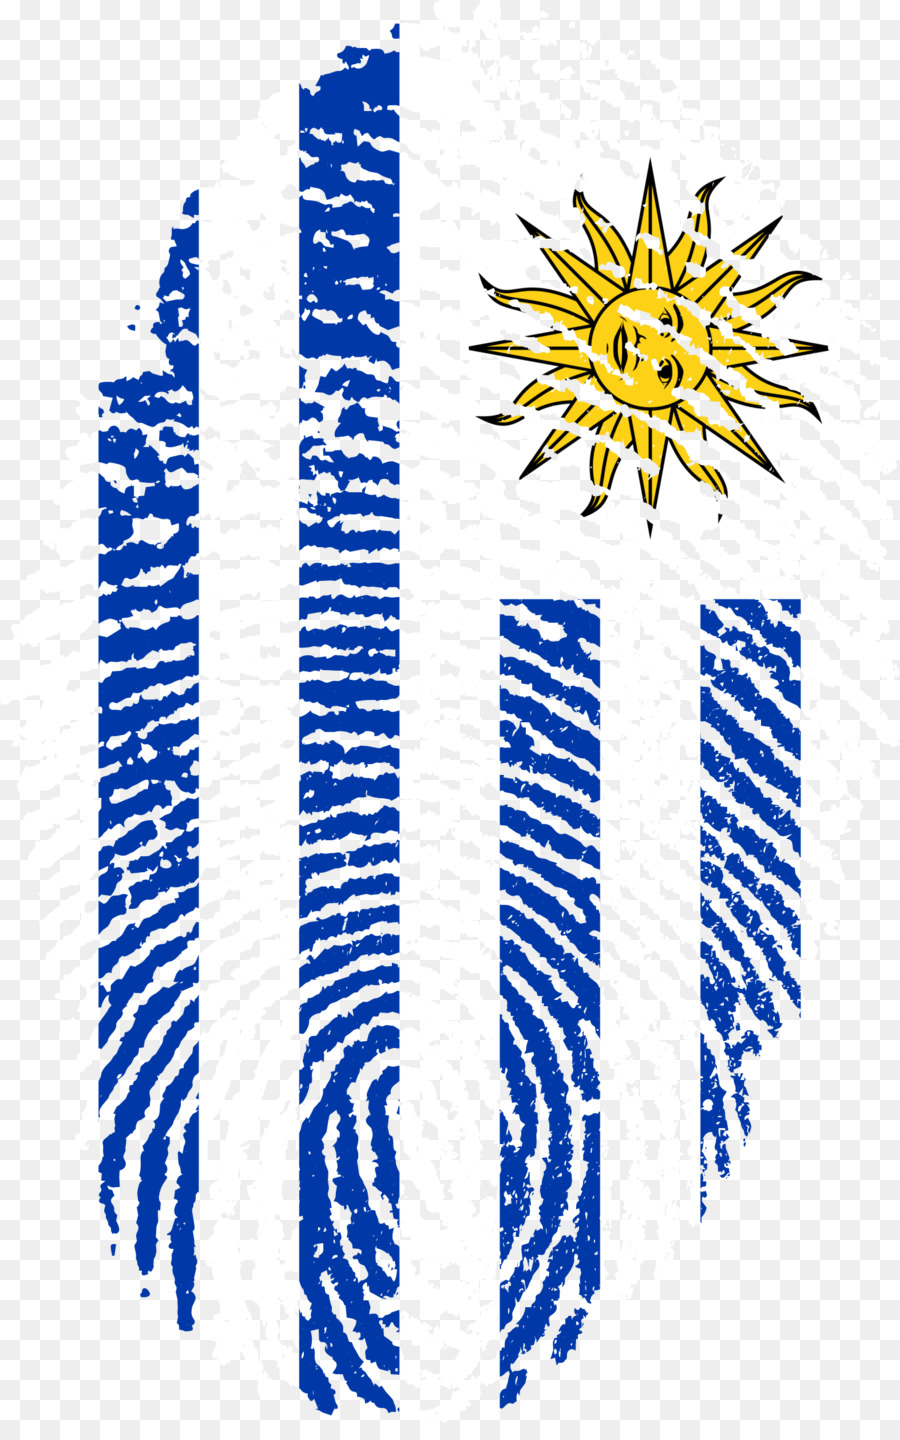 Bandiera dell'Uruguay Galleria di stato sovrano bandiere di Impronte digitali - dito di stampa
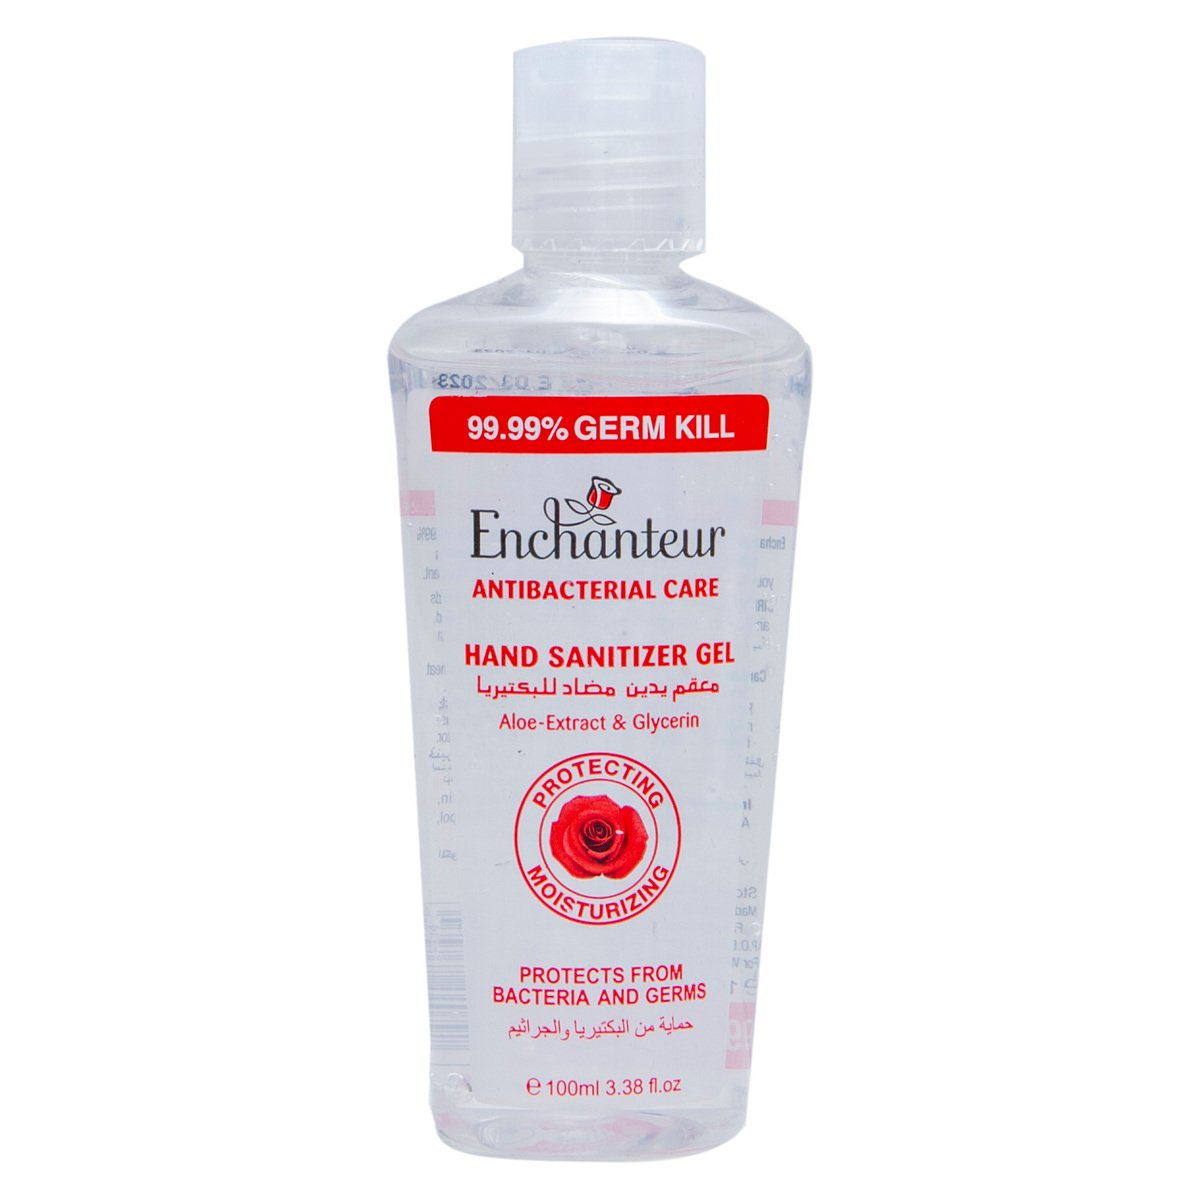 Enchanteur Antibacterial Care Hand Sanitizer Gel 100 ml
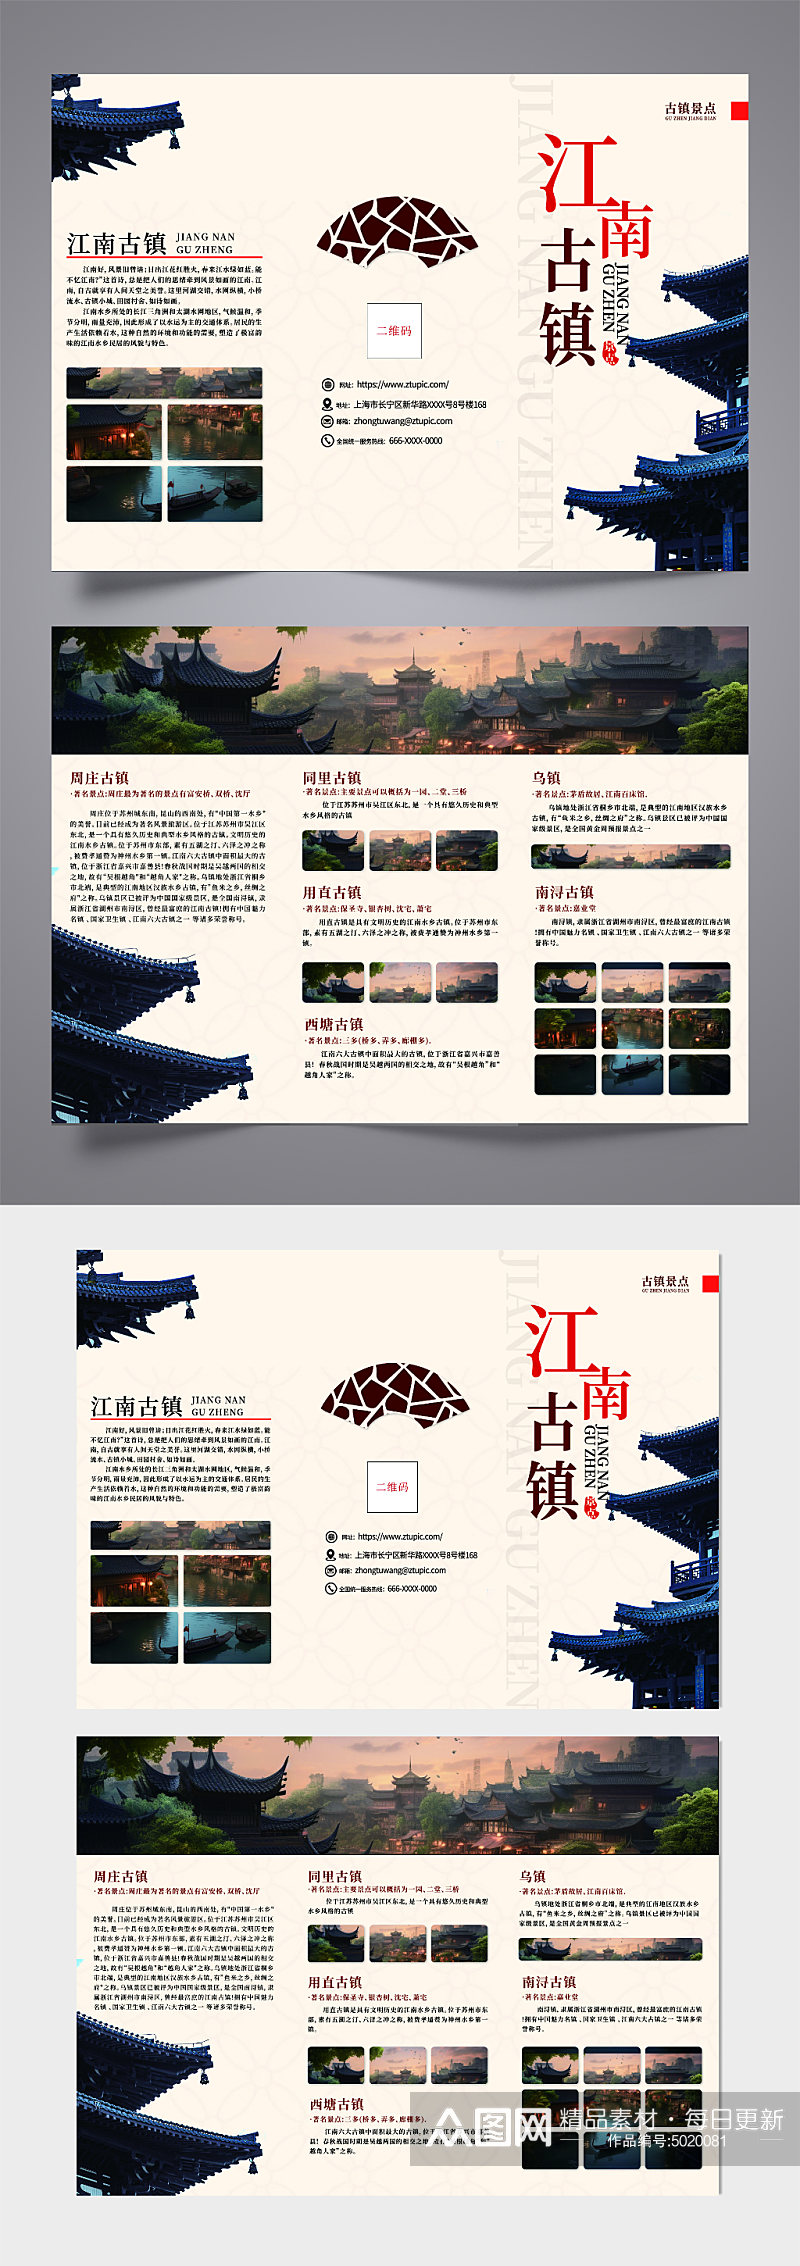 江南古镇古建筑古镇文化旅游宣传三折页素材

Your goal:
For this exercise, return the material word for word and drop each image.

The completed task:
 Bandiera dell'Uruguay Galleria di stato sovrano bandiere di Impronte digitali - dito di stampa
 Enchanteur Antibacterial Care Hand Sanitizer Gel 100 ml
 江南古镇古建筑古镇文化旅游宣传三折页素材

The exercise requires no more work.